High–throughput genomic analyses of a patient tumor in conjunction with PDX models provide a powerful tool to study correlations between specific genomic alterations and a therapeutic response. These have been described in a few publications26,27. For example, therapeutic responses to the EGFR inhibitor cetuximab in a set of colorectal PDX models carrying EGFR amplification, paralleled clinical responses to cetuximab in patients28.

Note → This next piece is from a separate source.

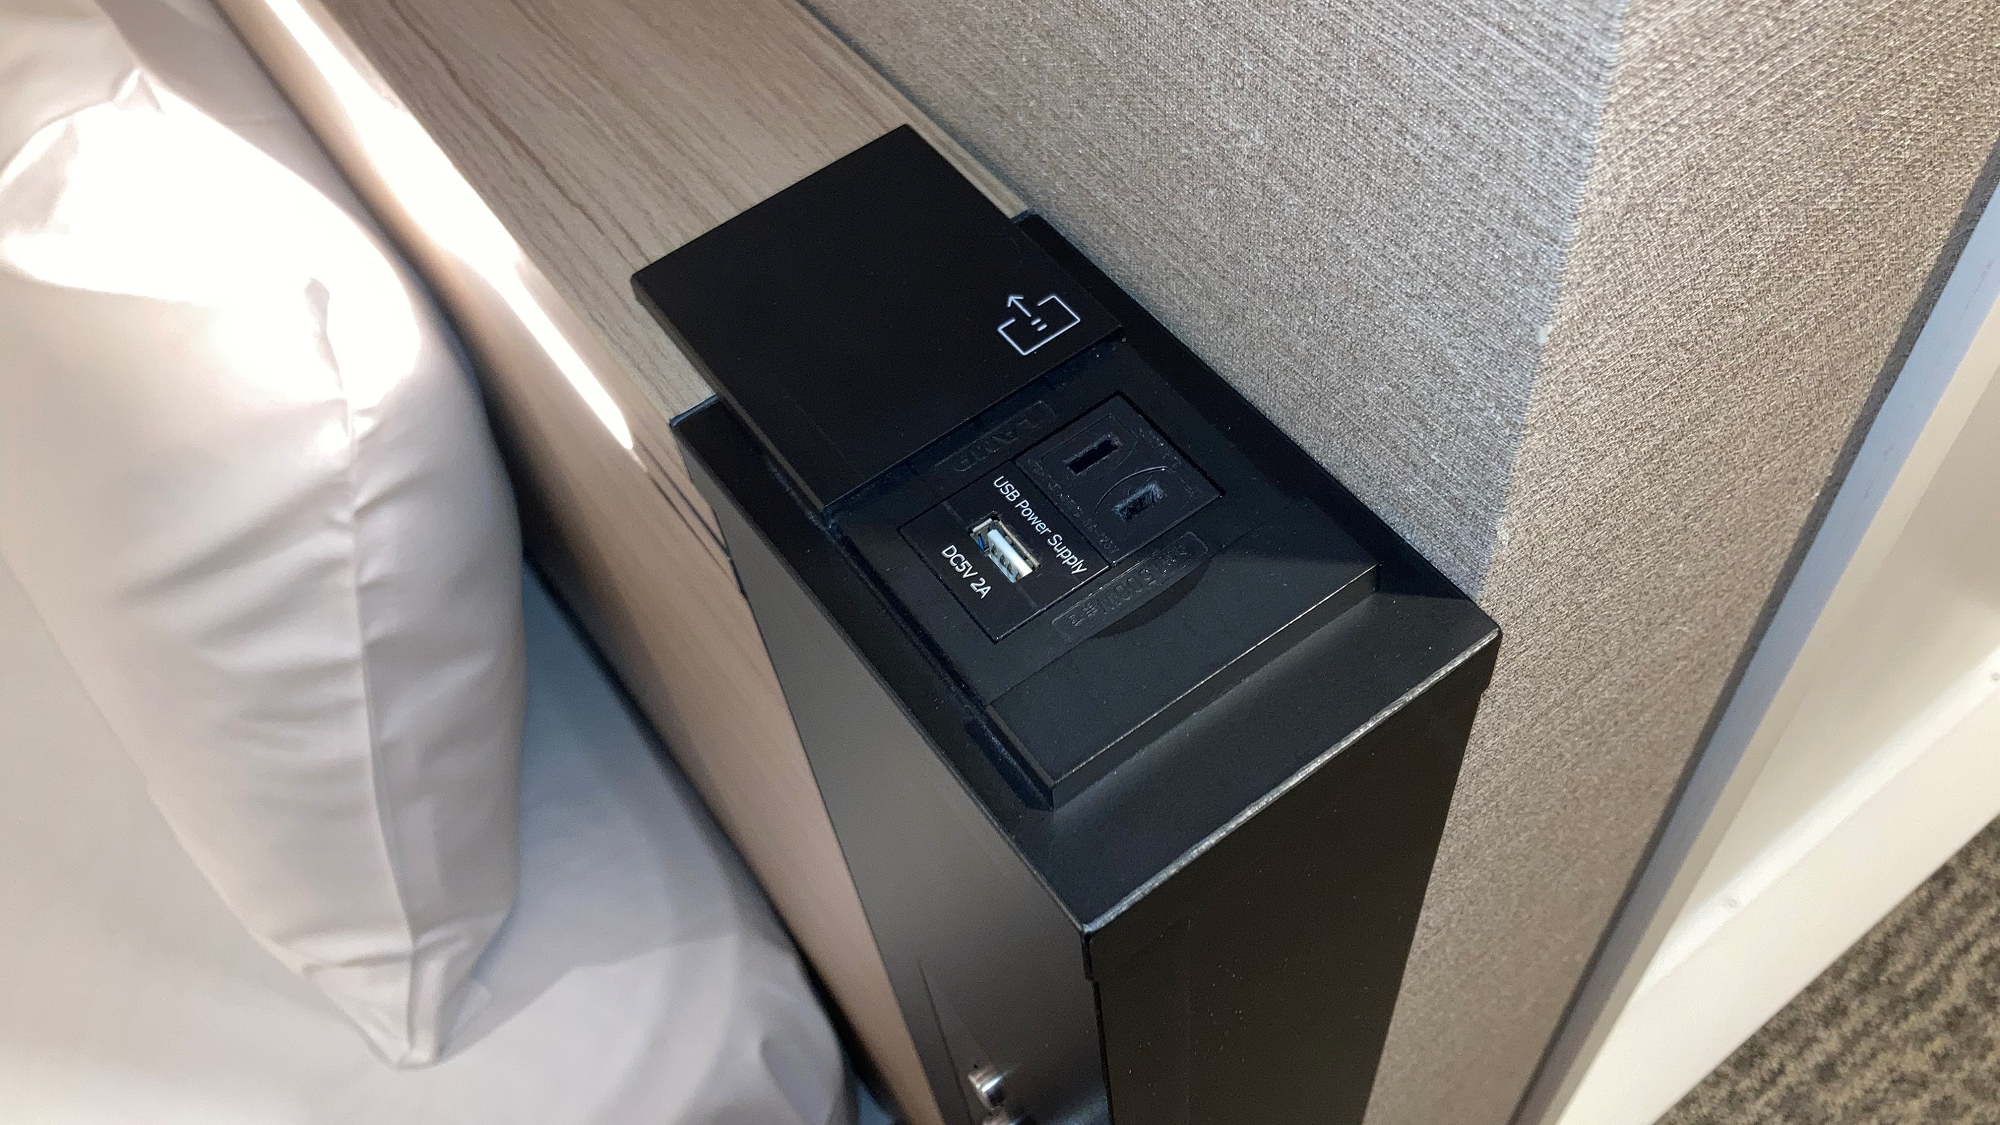 Dilengkapi dengan port USB yang nyaman di samping tempat tidur

There are a few challenges associated with the development and application of PDX models. Among those is tumor heterogeneity29,30 that may compromise the accuracy of treatment response interpretation as a single cell clone with higher proliferative capacity within a PDX can outgrow the other ones31, thus resulting in a loss of heterogeneity. Additionally, when single tumor biopsies are used to develop PDX, some of the cell populations may be missed and will not be represented in the final graft. Multiple samples from the same tumor are recommended for implantation to resolve this issue. Although PDX tumors tend to contain all the cell types of the original donor tumor, these cells are gradually substituted by those of murine origin3. The interplay between murine stroma and human tumor cells in PDX models is not well understood. Nevertheless, stromal cells were shown to recapitulate tumor microenvironment33.
Despite these limitations, PDX models remain among the most valuable tools for translational research as well as personalized medicine for selecting patient therapies. Major applications of PDXs include biomarker discovery and drug testing. PDX models are also successfully used to study drug resistance mechanisms and identify strategies to overcome drug resistance34,35. The approach described in the present manuscript allows the researcher to identify potential therapeutic targets in human tumors and to assess the efficacy of corresponding drugs in vivo, in mice harboring engrafted tumors which were initially genomically characterized. The protocol uses ovarian tumors engrafted intraperitoneally but is applicable to any type of tumor sufficiently aggressive to grow in mice2,3,12.